Nathaniel Cross is a trombonist from South London who over the course of the last four years has played on records by everyone from Moses Boyd to Zara McFarlane to Sons of Kemet, as well as his brother, tubist/trombonist Theon Cross. Now he’s finally stepping out on his own as a solo artist, delivering his first EP on First Word Records, The Description Is Not The Described.

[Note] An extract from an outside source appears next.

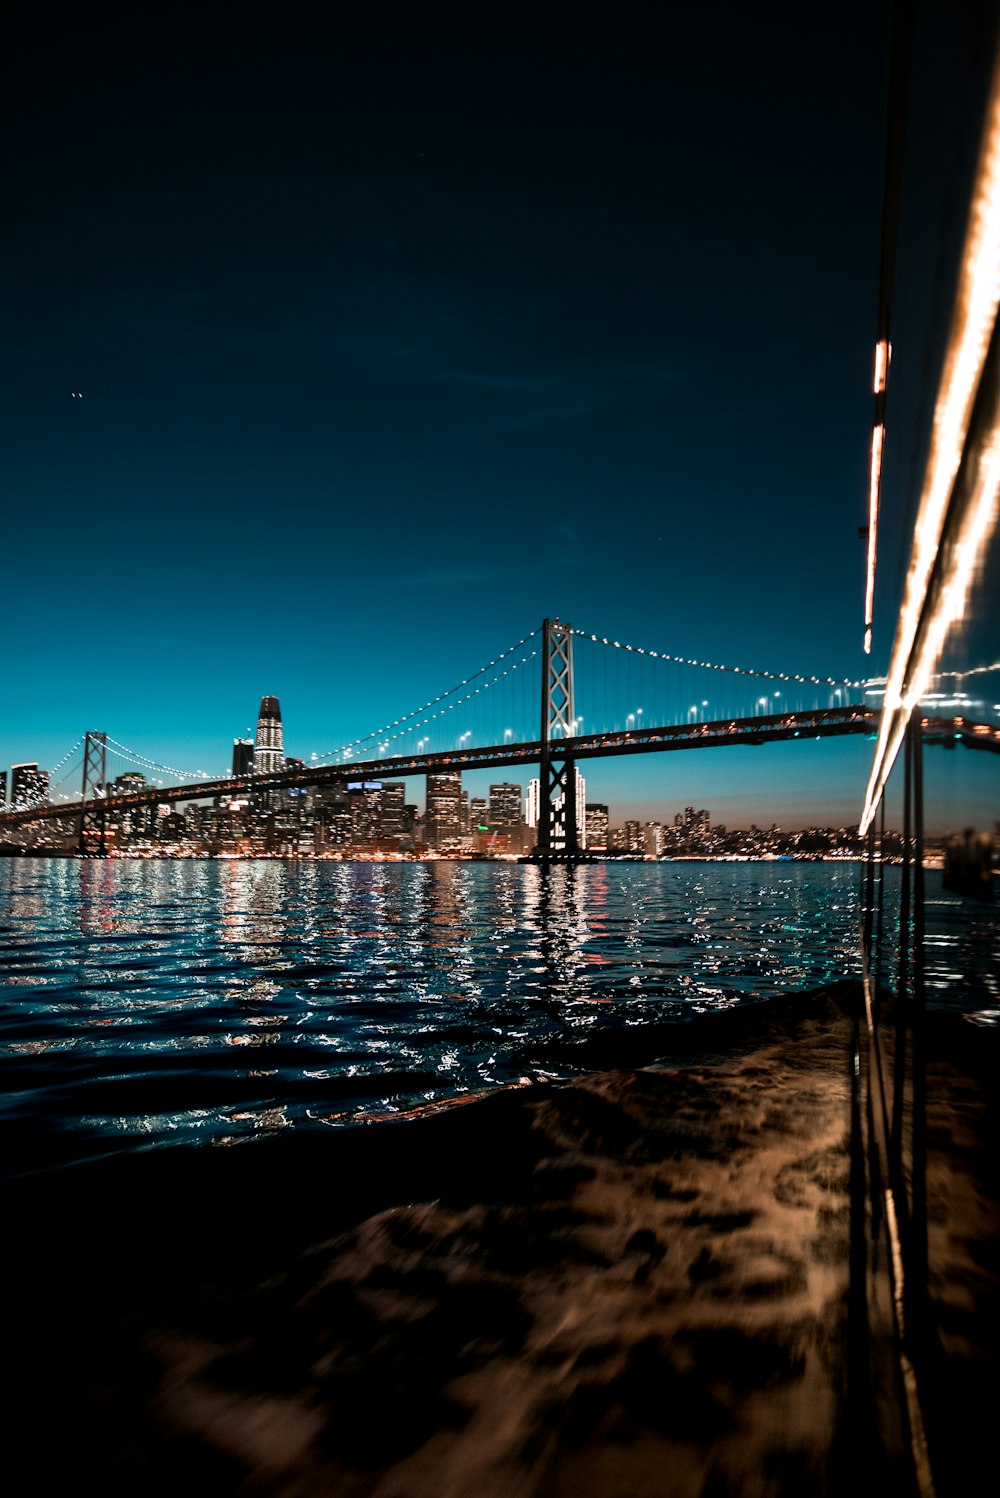 San Francisco-Oakland Bay Bridge, Kalifornien bei Nacht

For this project, Cross assembled an ensemble that includes Dylan Jones on trumpet, Richie Garrison on sax, Simon Mitchell on keys, and Saleem Raman on drums. Over the course of four songs, they sound tight as can be as we work through four original compositions from Cross. While at the core of it this is a jazz project, Cross grew up in a Caribbean British household, and as a result, he’s also bringing in influences from other types of music he grew up with, such as dancehall, calypso, hip hop, gospel, and West African music. Where these influences seep into the music usually comes in the form of basslines and rhythms, bringing some funk and soul to the tracks, as well as a few production techniques that help blend the genres as well. If you look through the song titles, you’ll get a sense of the range of inspirations that Cross is bringing to the table with his songwriting, from the deeply personal and emotional opening track, “Goodbye For Now,” which he wrote for his recently passed father, to the personal struggles of “Charge it to the Game” and “Light in the Darkness,” to the politically charged “Who Looks Inside, Awakes.” With this project, Cross is not just establishing himself as a formidable trombonist, but also as a really thoughtful composer and arranger. He can put a lot of himself into the music, but he can also bring a lot of people together and bring these visions to life and really make them cook in the process.

The Description Is Not The Described is a great starting point for Nathaniel Cross’s solo career. It’s incredibly mature and musically challenging, yet still accessible and fun to listen to. It’ll pass muster with the jazz heads, but it’s got crossover appeal with Cross’s feel for funk and melody.